Heart of China is also found wanting when it comes to the interactions available in any one scene. There are remarkably few visible hotspots – sometimes there's only a single thing of any importance in any one location – though, rather bizarrely, right-clicking sometimes elicits descriptions of items or people even when there isn't a hotspot present. It's all more than a little confusing.

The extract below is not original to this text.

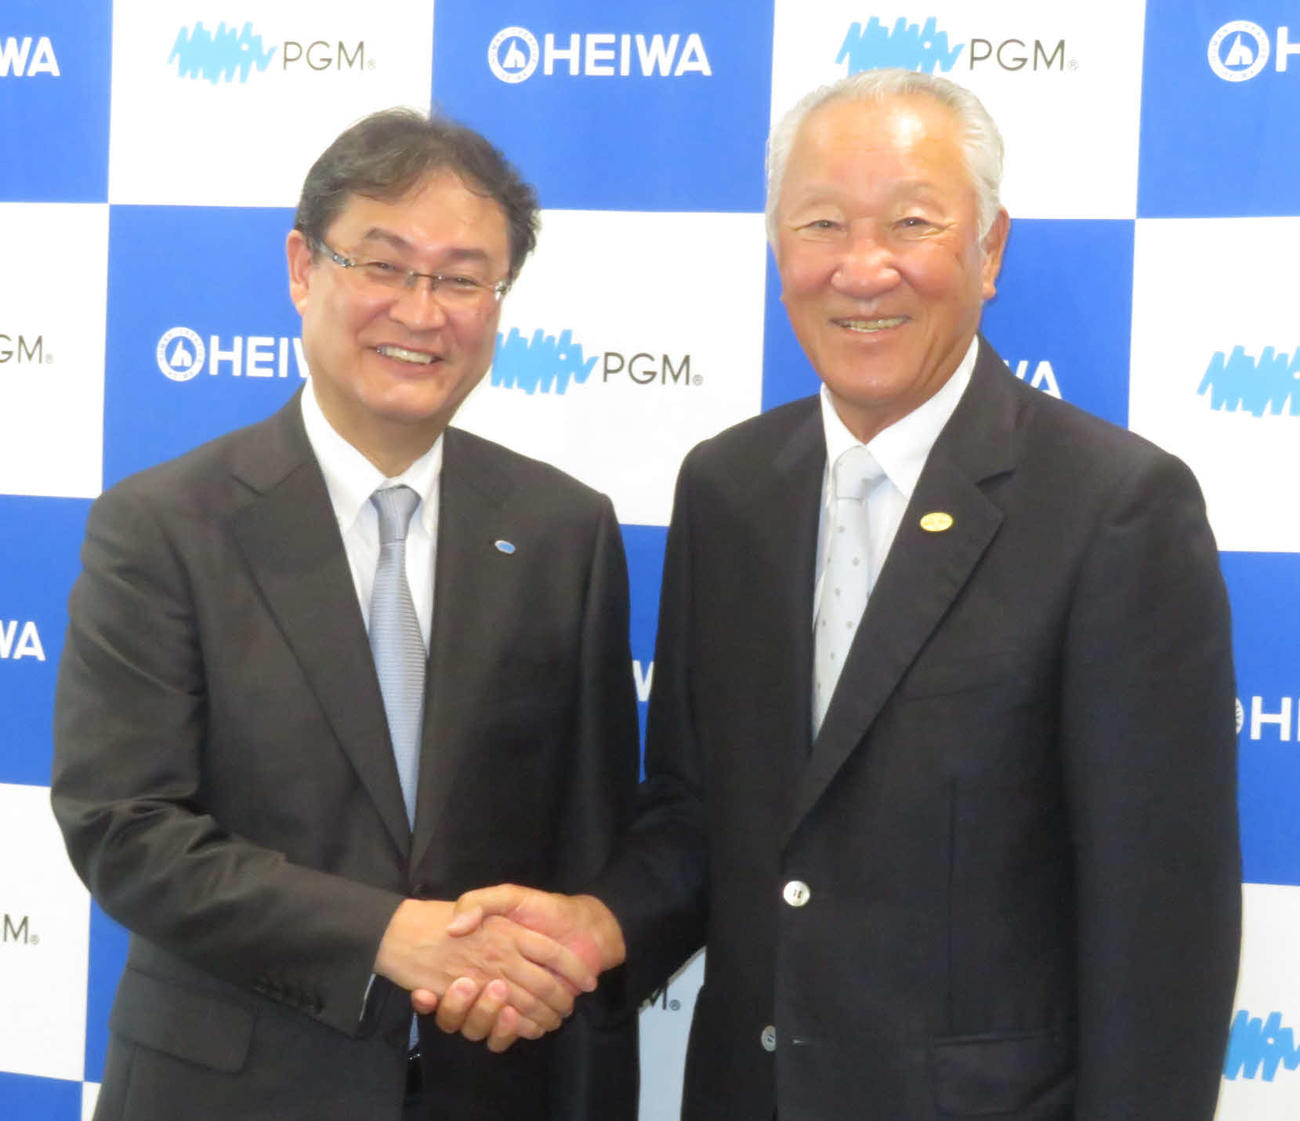 会見後に笑顔で握手を交わすJGTOの青木会長（右）と、パシフィックゴルフマネージメントの田中社長

Action-sensitive adventure gamers might also want to be wary, as Heart of China contains two arcade sequences in which the game changes drastically in style: the first sees you driving a tank down a road in first-person, while the second is a kind of side scrolling platform-game-come-beat-em-up. Neither has aged particularly well. Fortunately, it's possible to skip these action sequences entirely (though not once you've actually started playing them), but this does cause some slight problems with following the narrative, since the plot develops slightly during each sequence. In addition, there are a couple of sections that are subject to turn/time limits; these won't trouble most people, but they could serve to frustrate some players.
Heart of China, then, is certainly not without its flaws. It can be a deeply frustrating game, but when it gets things right, it gets them very right indeed. The story may be clichéd B-movie fare, but it still manages to create a very real sense of excitement. The game may be full of dead-ends, but these do give a sense that your actions and choices really do matter; it's not just a case of finding the correct gameplay trigger in order to move onto the next section. Its problems are obvious, but so is its greatest success: it's a game that really does encourage you to replay it; to try different ways of approaching a situation to see what effects they might have. It certainly isn't a classic, but it does deserve to be recognised for achieving something that few other adventures even attempt, and, despite its problems, managing to be a fun game to play. It may not be perfect, but a journey into the Heart of China still manages to be a memorable one.
Heart of China is both entertaining and genuinely replayable, but its clichéd trappings and a number of design quirks prevent it from being truly great.